The Divine, the World and Man


Rely on the Divine Alone

There is one thing you must learn, never to rely on anyone or anything whatever except the Divine. For if you lean upon anyone for support, that support will break, you may be sure of that. From the minute you start doing yoga (I always speak of those who do yoga, I do not speak about ordinary life), for those who do yoga, to depend upon someone else is like wanting to transform that person into a representative of the Divine Force; now you may be sure there is not one in a hundred millions who can carry the weight: he will break immediately. So never take the attitude of hoping for support, help, comfort from anyone except the Divine. That is absolute; I have never, not once, met anyone who tried to cling to something to find a support there (someone doing yoga or who has been put into touch with yoga) and who was not deceived—it breaks, it stops, one loses one's support. Then one says, "Life is difficult"—it is not difficult but one must know what one is doing. Never seek a support elsewhere than in the Divine. Never seek satisfaction elsewhere than in the Divine. Never seek the satisfaction of your needs in anyone else except the Divine—never, for anything at all. All your needs can be satisfied only by the Divine. All your weaknesses can be borne and healed only by the Divine. He alone is capable of giving you what you need in everything, always, and if you try to find any satisfaction or support or help or joy or... heaven knows what, in anyone else, you will always fall on your nose one day, and that always hurts, sometimes even hurts very much.

Source


Ask the Divine

If, for example, one wants to know something or one needs guidance, or something else, how can one have it from the Divine, according to one's need?

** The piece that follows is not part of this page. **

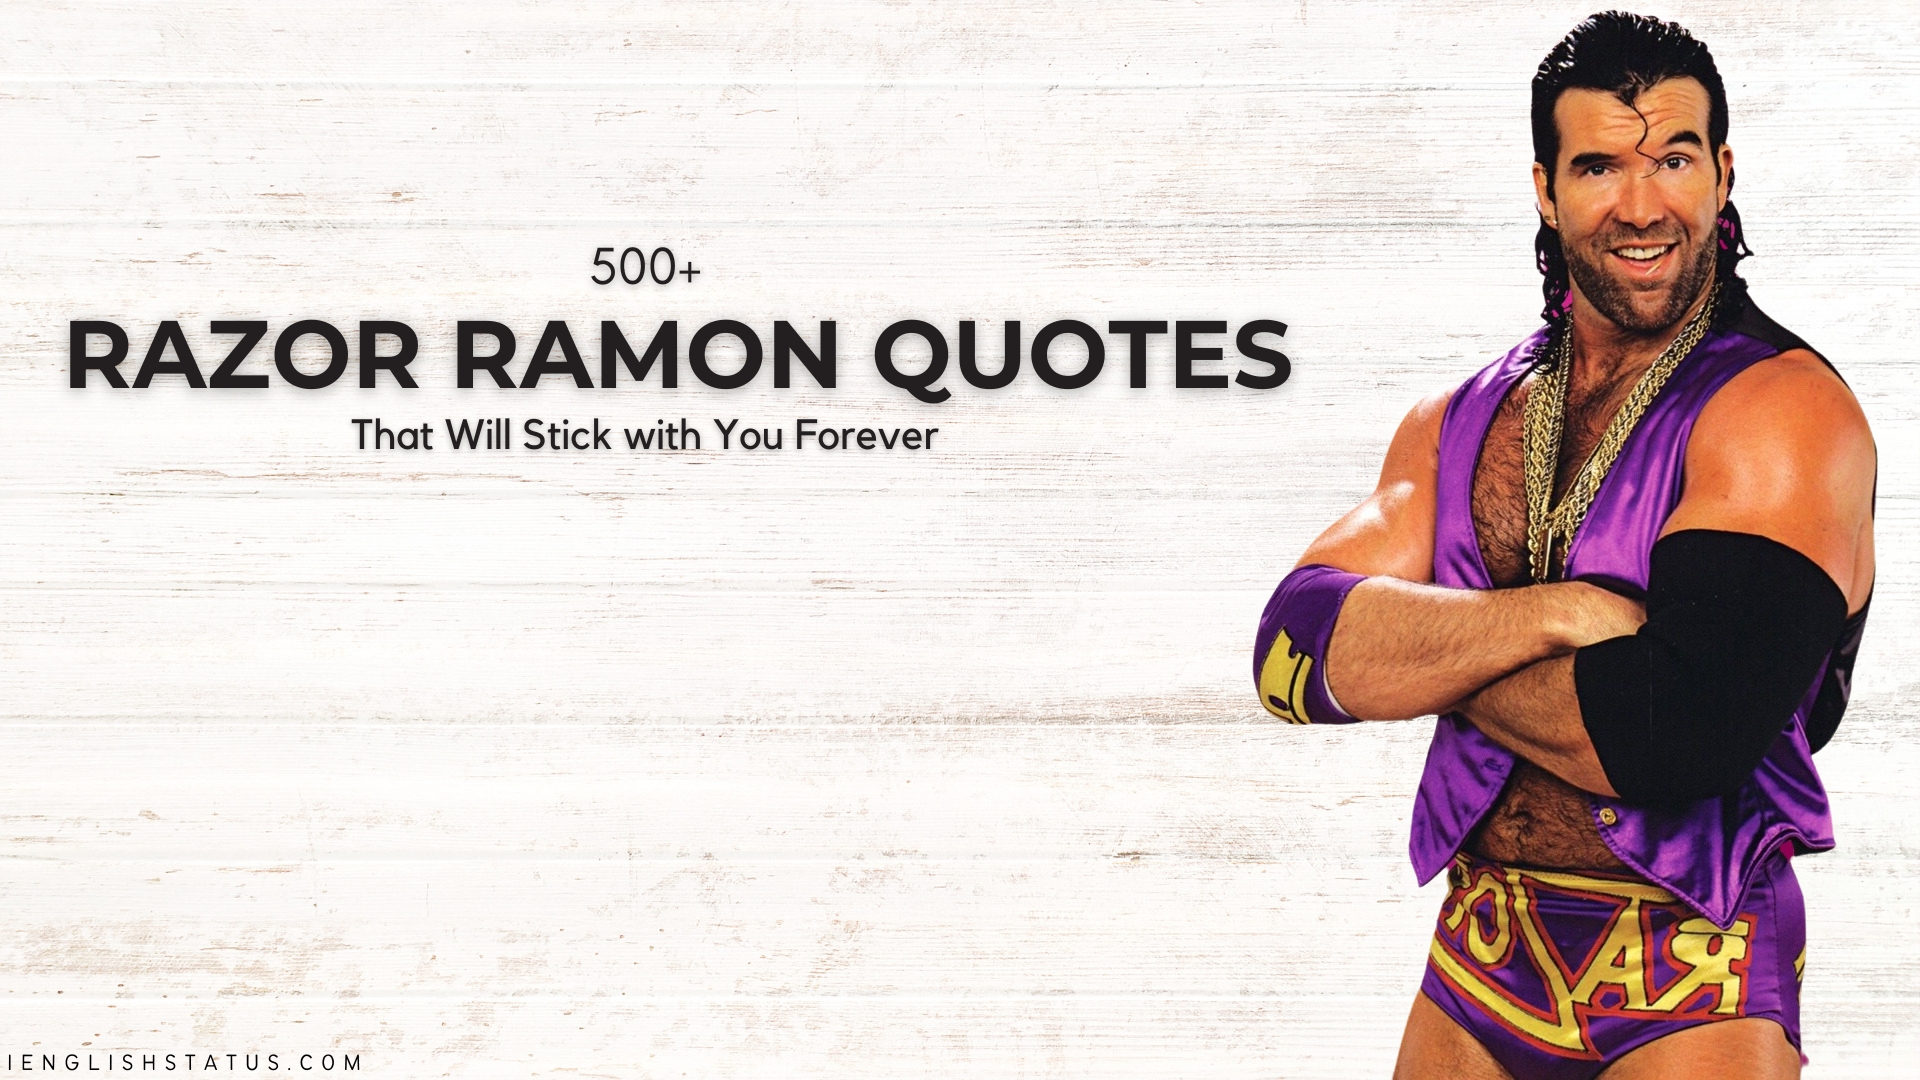 Razor Ramon Quotes

By asking the Divine for it. If you do not ask Him, how can you have it?

If you turn to the Divine and have full trust and ask Him, you will get what you need―not necessarily what you imagine you need; but the true thing you need, you will get. But you must ask Him for it.

You must make the experiment sincerely; you must not endeavour to get it by all sorts of external means and then expect the Divine to give it to you, without even having asked Him. Indeed, when you want somebody to give you something, you ask him for it, don't you? And why do you expect the Divine to give it to you without your having asked Him for it?

Source


Finding the Divine

Sweet Mother, how can we find the Divine who is hidden in us?

This we have explained many, many times. But the first thing is to want it, and know precisely that this comes first, before all other things, that this is the important thing. That is the first condition; all the rest may come later, this is the essential condition. You see, if once in a while, from time to time, when you have nothing to do and all goes well and you are unoccupied, suddenly you tell yourself, "Ah, I would like so much to find the Divine!"—well, this—it may take a hundred thousand years, in this way.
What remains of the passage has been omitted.